R.I. Gen. Laws § 27-84-3(b)(1)-(2)
Plain Language
DBR and OHIC must compile and submit to the governor, senate president, and speaker of the house a report on insurer AI use within 18 months of the effective date and annually thereafter. For each insurer, the report must cover: AI model types, AI's role in claims and coverage decisions, training data governance measures (including suitability of data sources, possible biases, and mitigation), and performance metrics (claims counts, acceptance/denial rates, average reviewer time per claim and denial, appeal rates, and denial reversal rates). While this section imposes the reporting obligation on DBR/OHIC rather than on insurers directly, it effectively requires insurers to furnish all the enumerated information to the regulators — the proactive disclosure obligation in § 27-84-3(a)(1) and the on-request production obligation in § 27-84-3(a)(2) are the mechanisms by which insurers supply this data. The training data governance disclosure (including bias assessment) is a notable data transparency requirement.
Statutory Text
(1) DBR/OHIC shall provide an initial report to the governor, the senate president and the speaker of the house on the use of artificial intelligence by health insurers within eighteen (18) months of the effective date of this chapter and annually thereafter. (2) The annual report shall state how health insurers use artificial intelligence to manage claims and coverage.
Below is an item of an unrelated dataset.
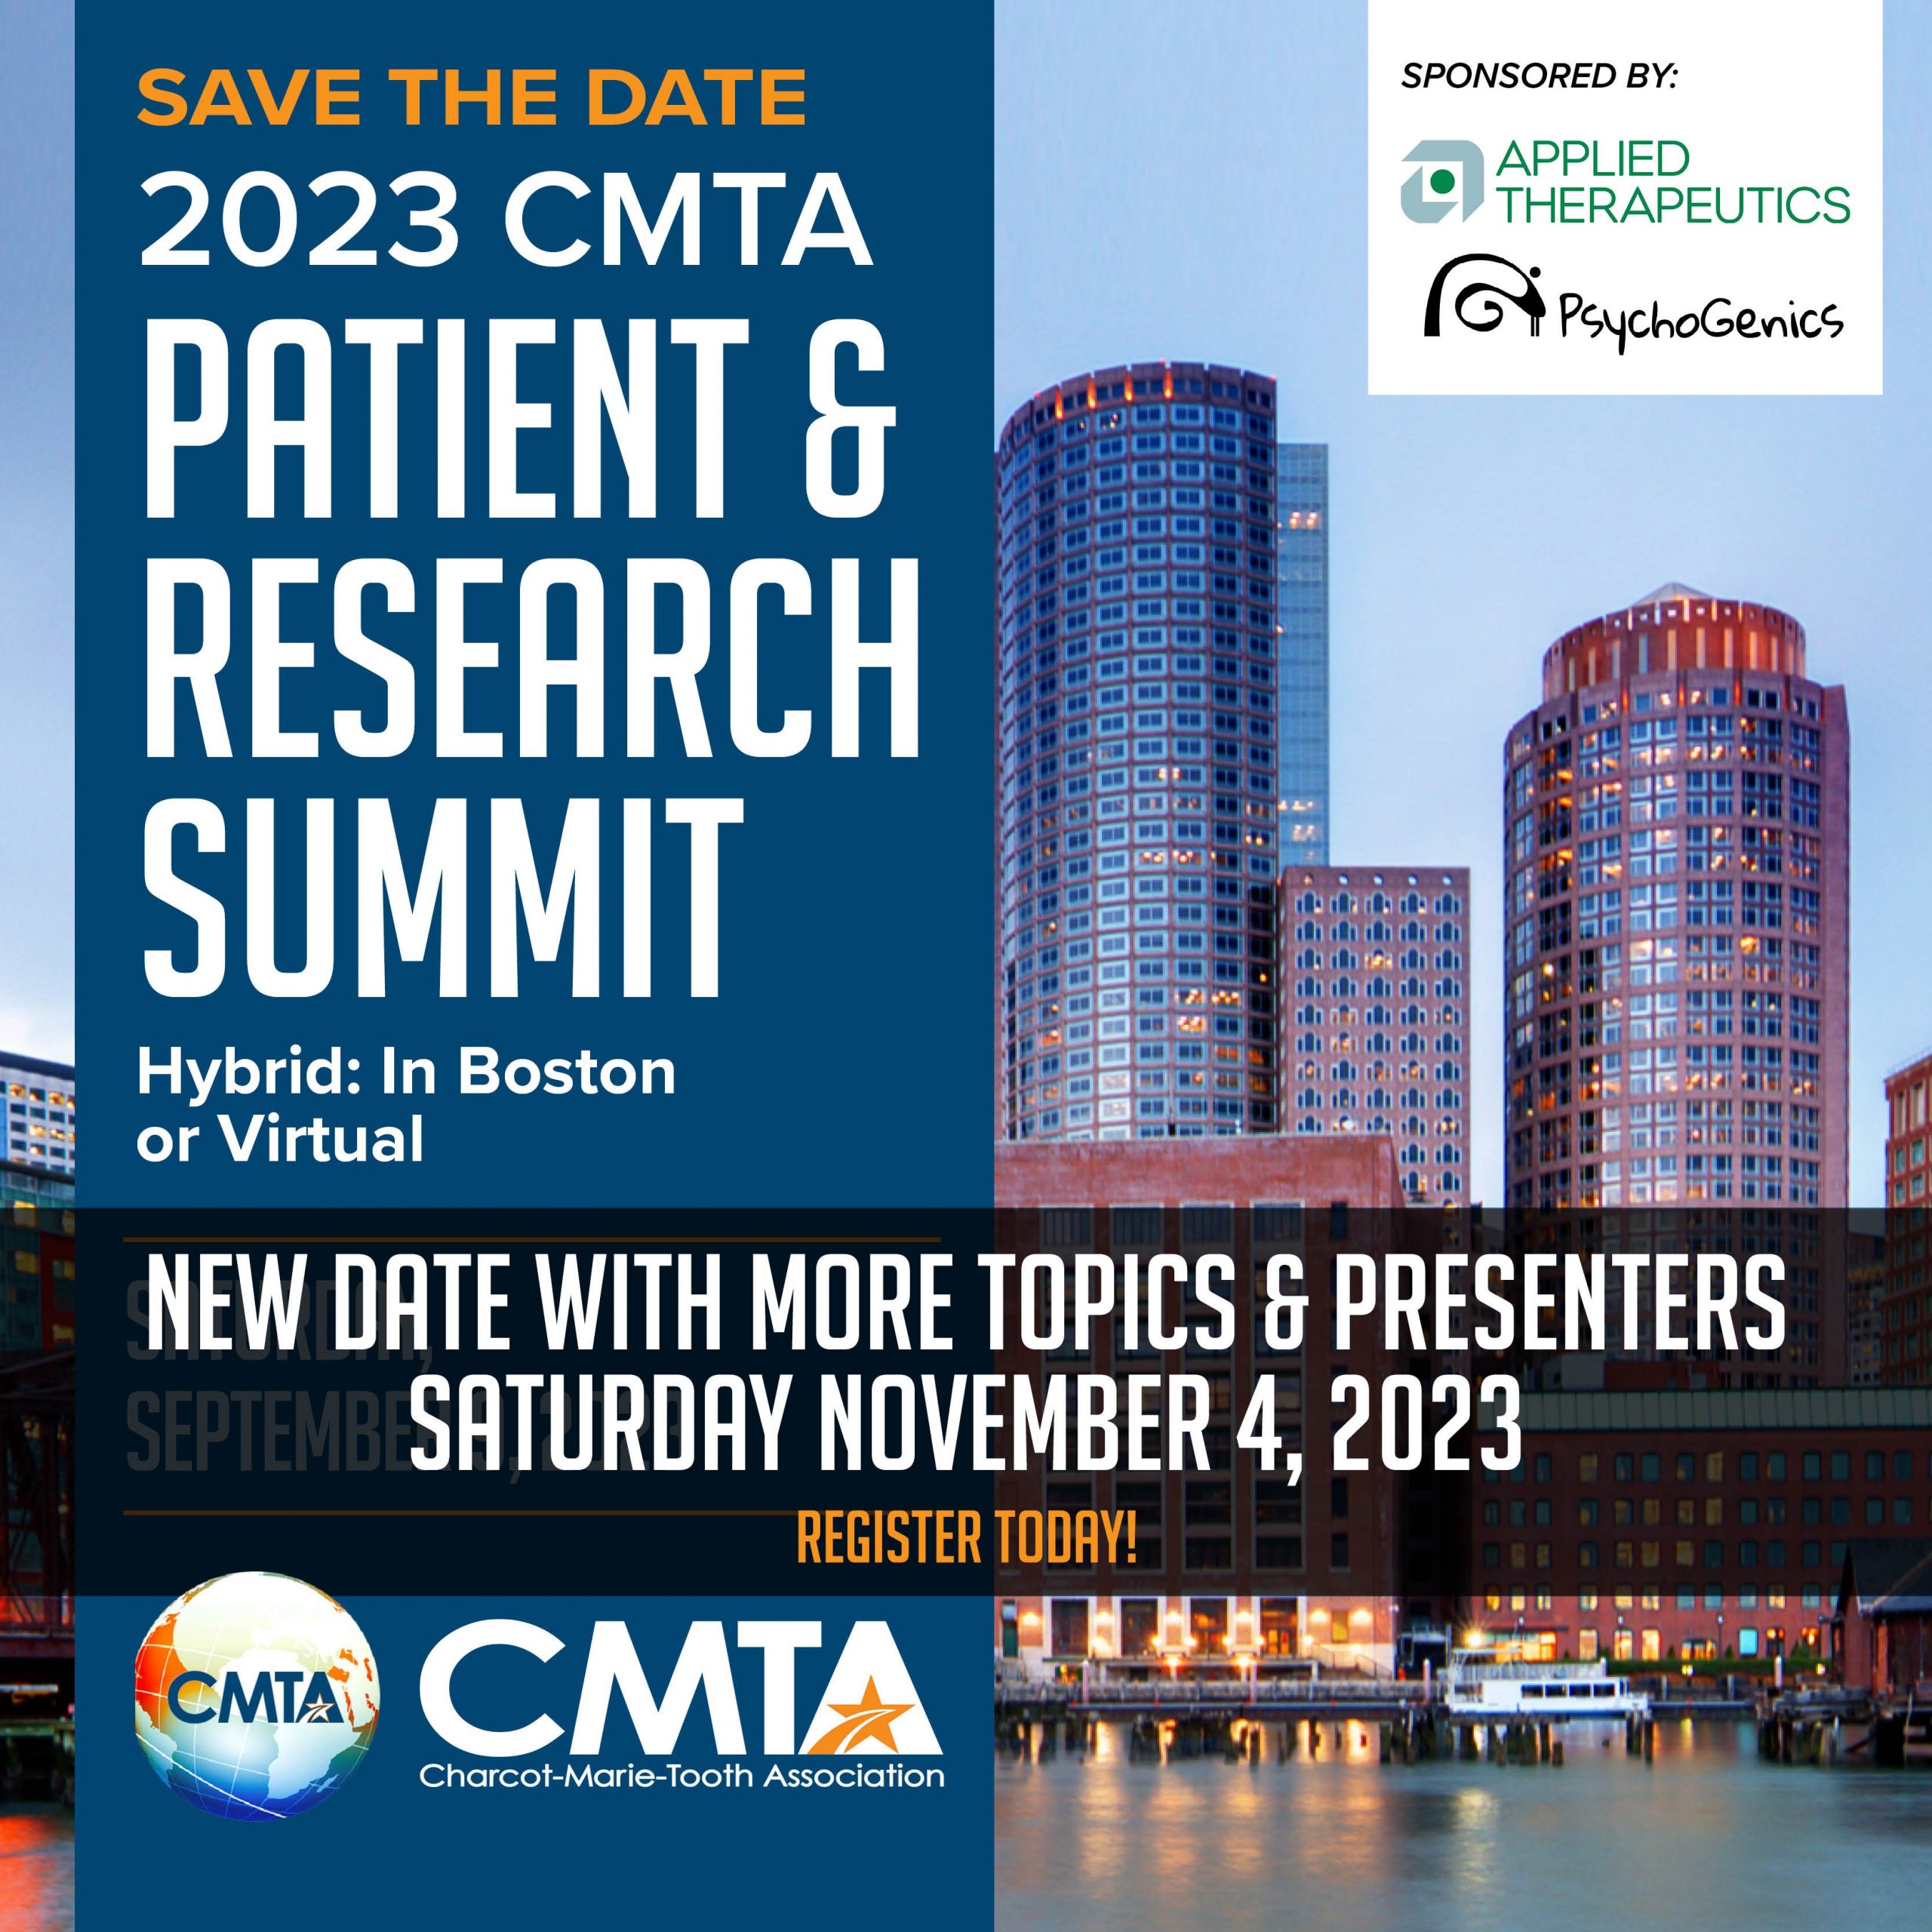 CMTA Patient & Research Summit

The report shall state, for each insurer: (i) The types of artificial intelligence models used; (ii) The role of artificial intelligence in the decision-making process to approve or deny healthcare claims or coverage whenever artificial intelligence is used to make, or is a substantial factor in making, a decision on healthcare claims or coverage; (iii) Information regarding training, testing, and risk management including data governance measures used to cover the training data sets and the measures used to examine the suitability of data sources, possible biases and appropriate mitigation; and (iv) Performance metrics including: number of claims; percentage of claims accepted and denied; the average time claim reviewers and medical professional reviewers spend on each claim and on denials of claims; percentage of claims appealed; and percentage of denials reversed.